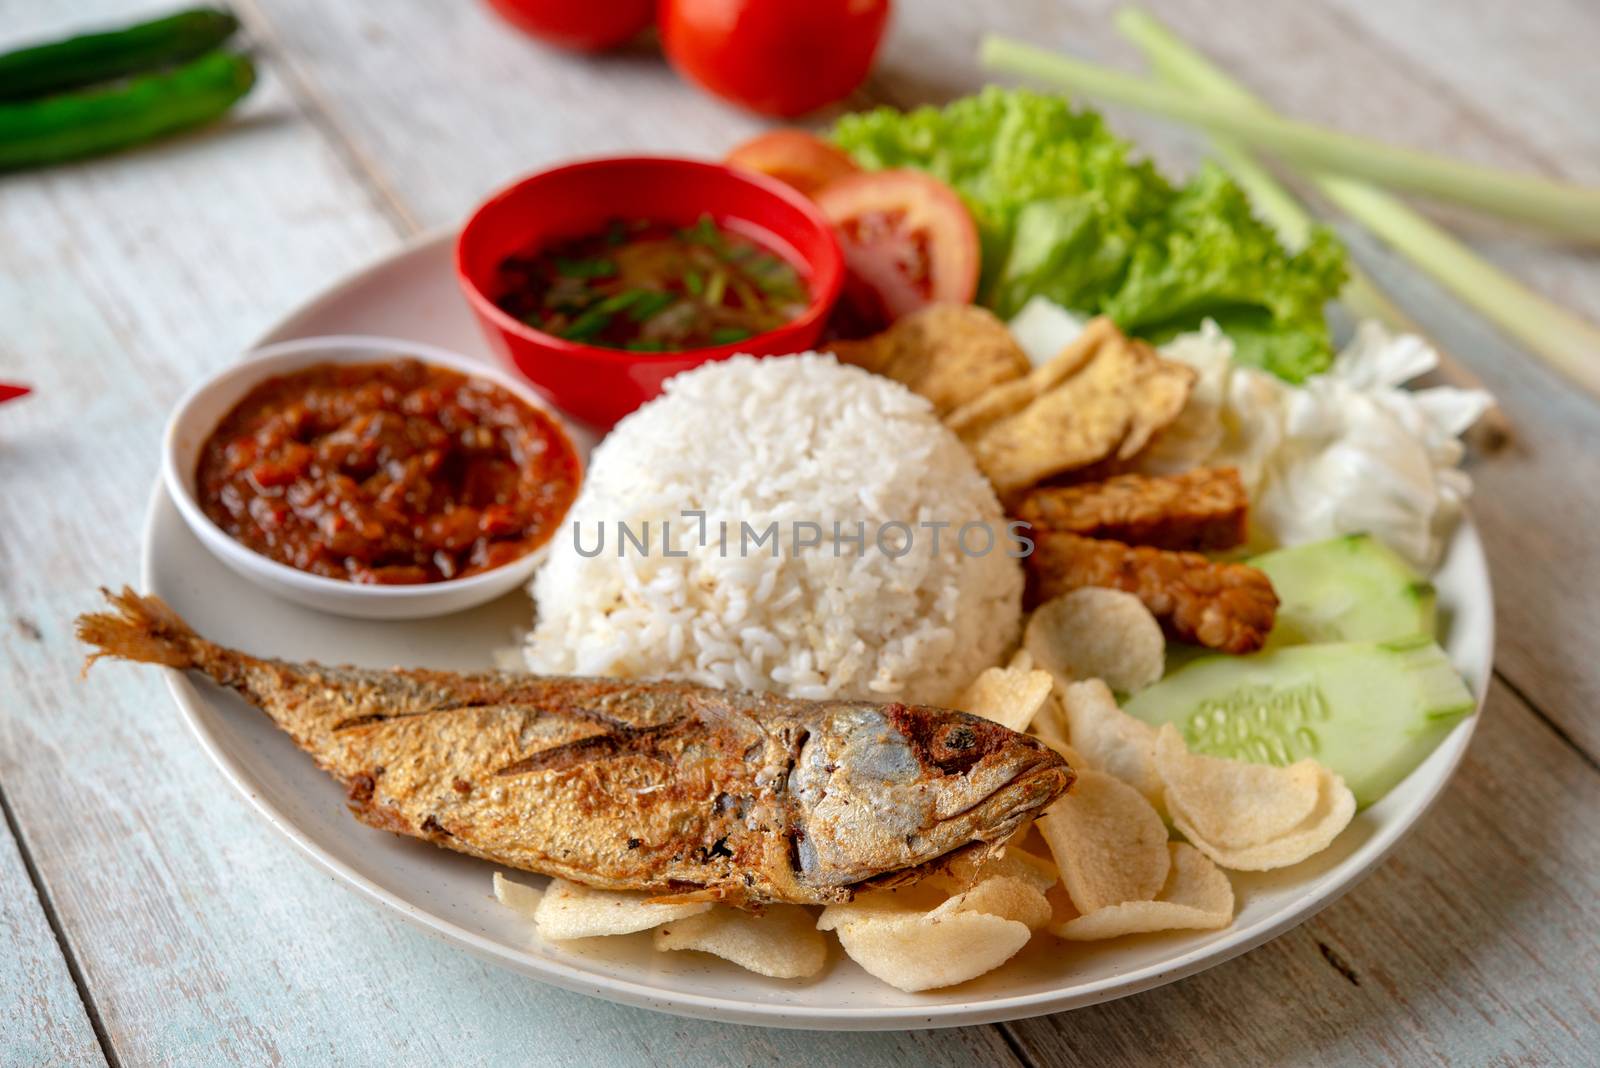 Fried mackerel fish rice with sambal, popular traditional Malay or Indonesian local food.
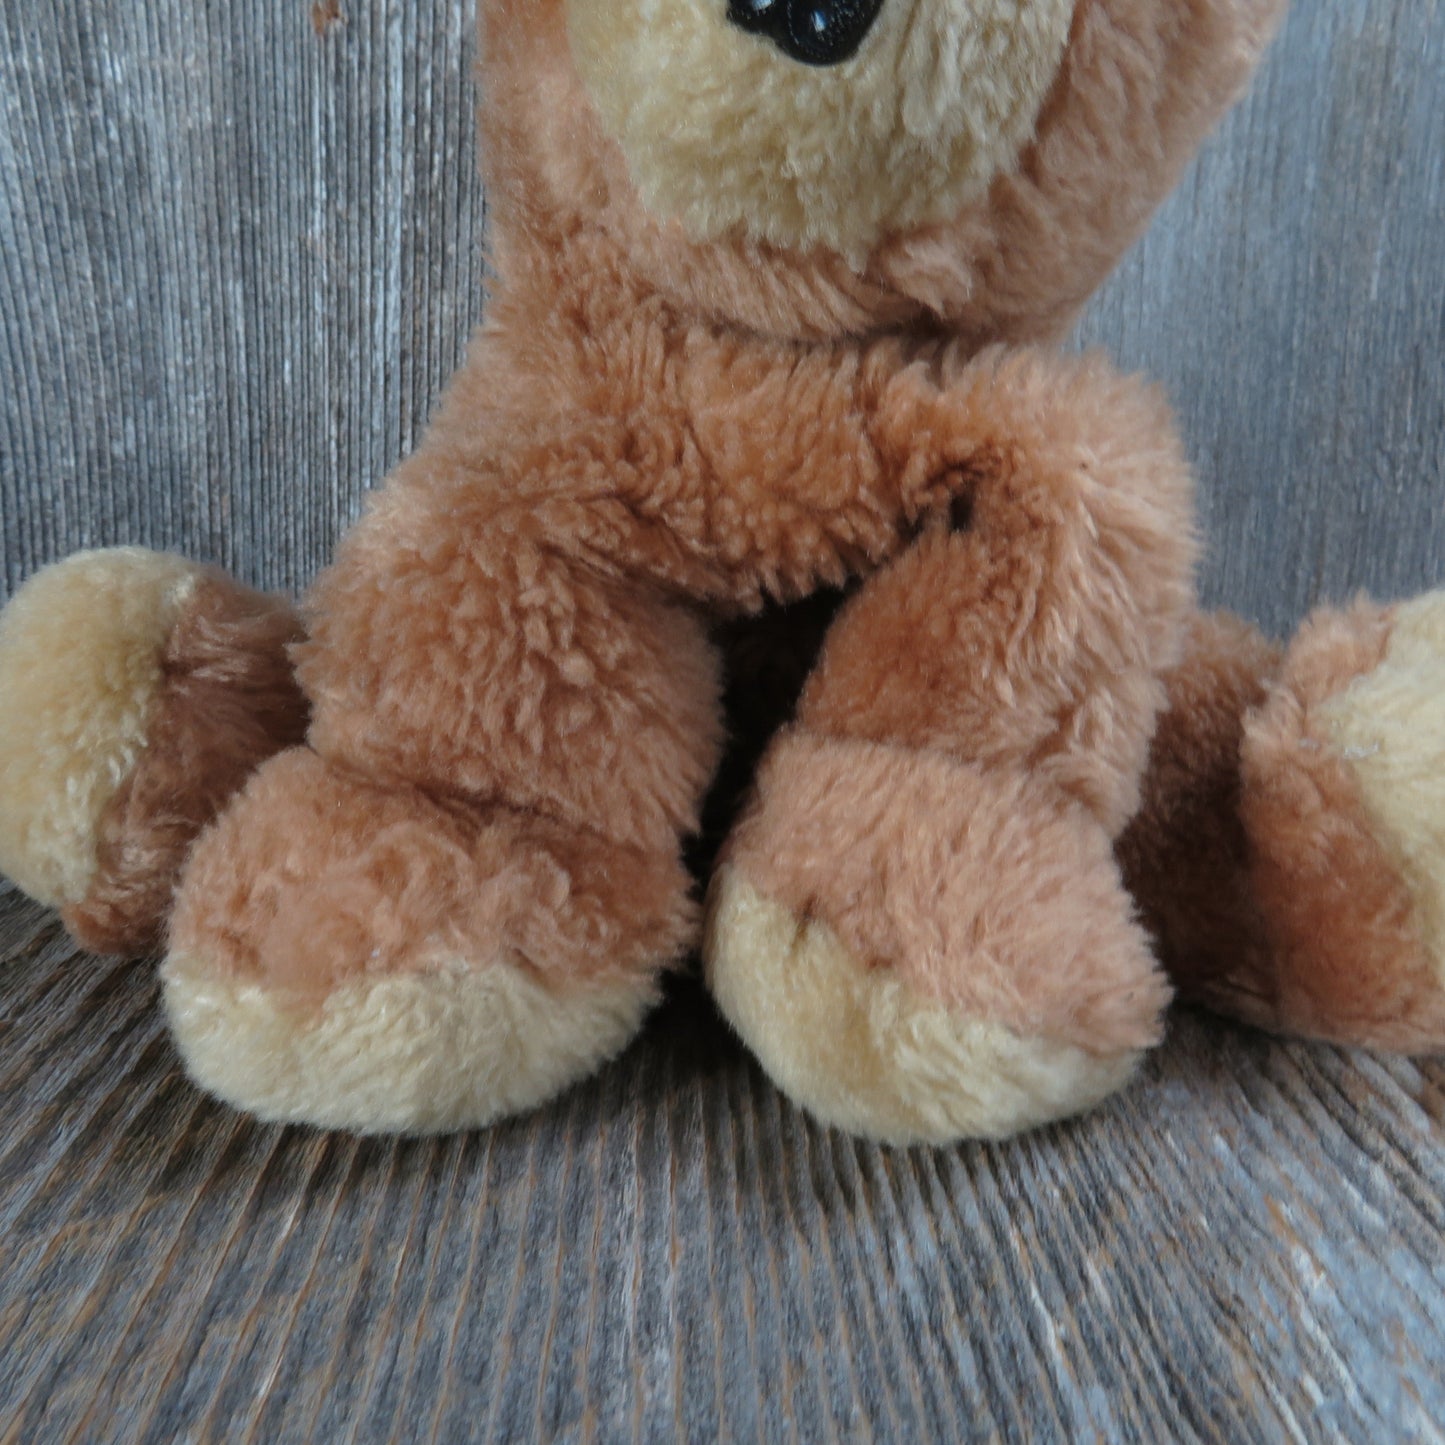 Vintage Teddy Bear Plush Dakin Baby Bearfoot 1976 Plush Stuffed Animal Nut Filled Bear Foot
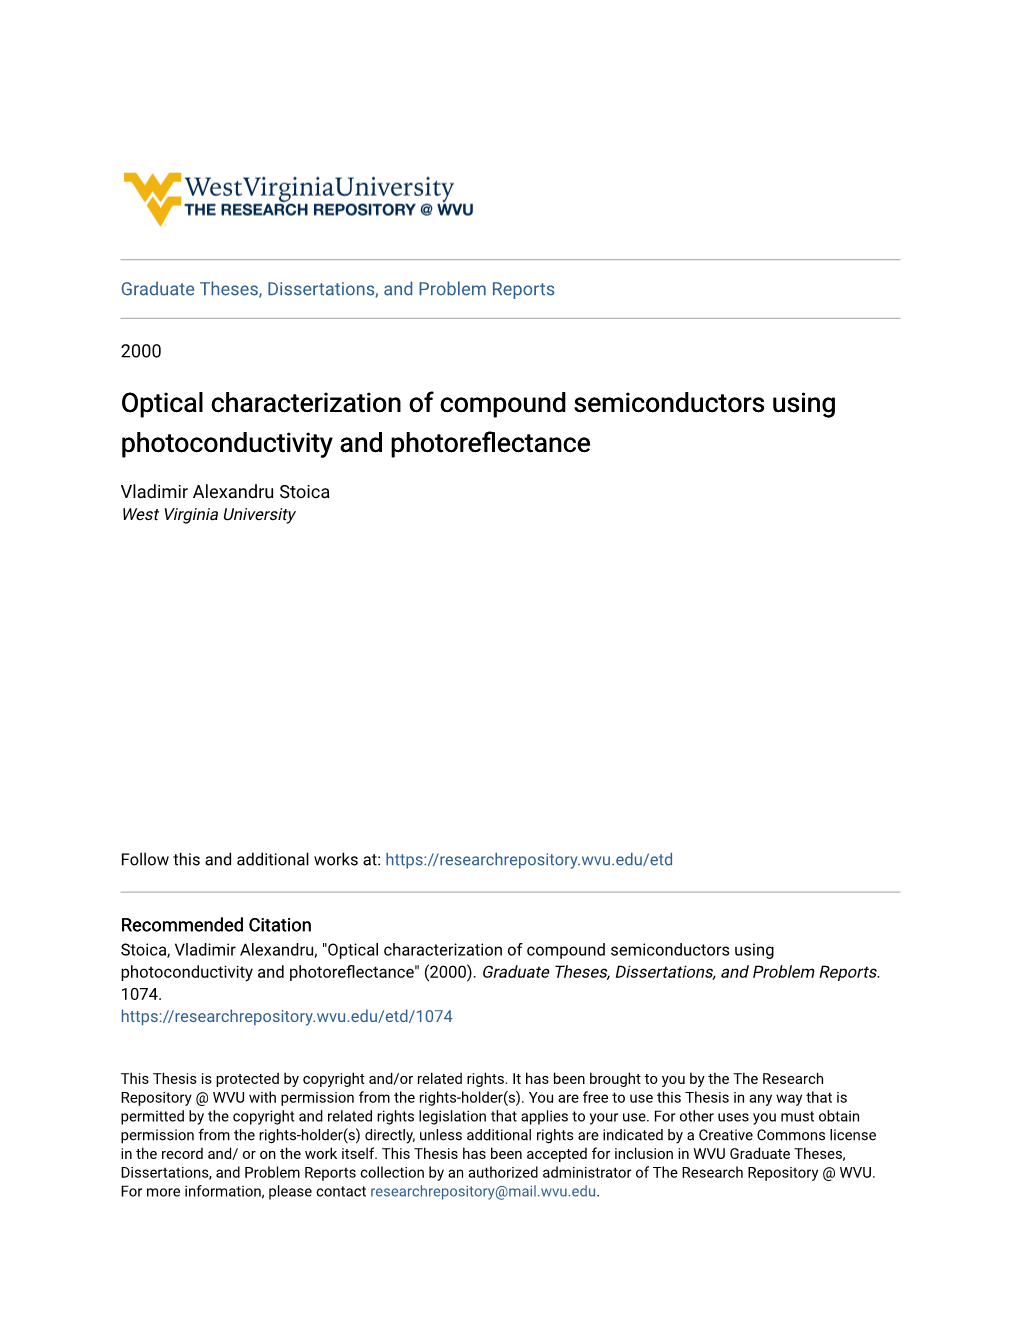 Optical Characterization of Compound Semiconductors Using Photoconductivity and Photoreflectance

**WHAT YOU WILL DO:**
With the pictures left out, give again exactly the lines from the one that contains "Vintage Teddy Bear" through the final line of the data above.

**EXERCISE RESULT:**
 Vintage Teddy Bear Plush Dakin Baby Bearfoot 1976 Plush Stuffed Animal Nut Filled Bear Foot
 Optical Characterization of Compound Semiconductors Using Photoconductivity and Photoreflectance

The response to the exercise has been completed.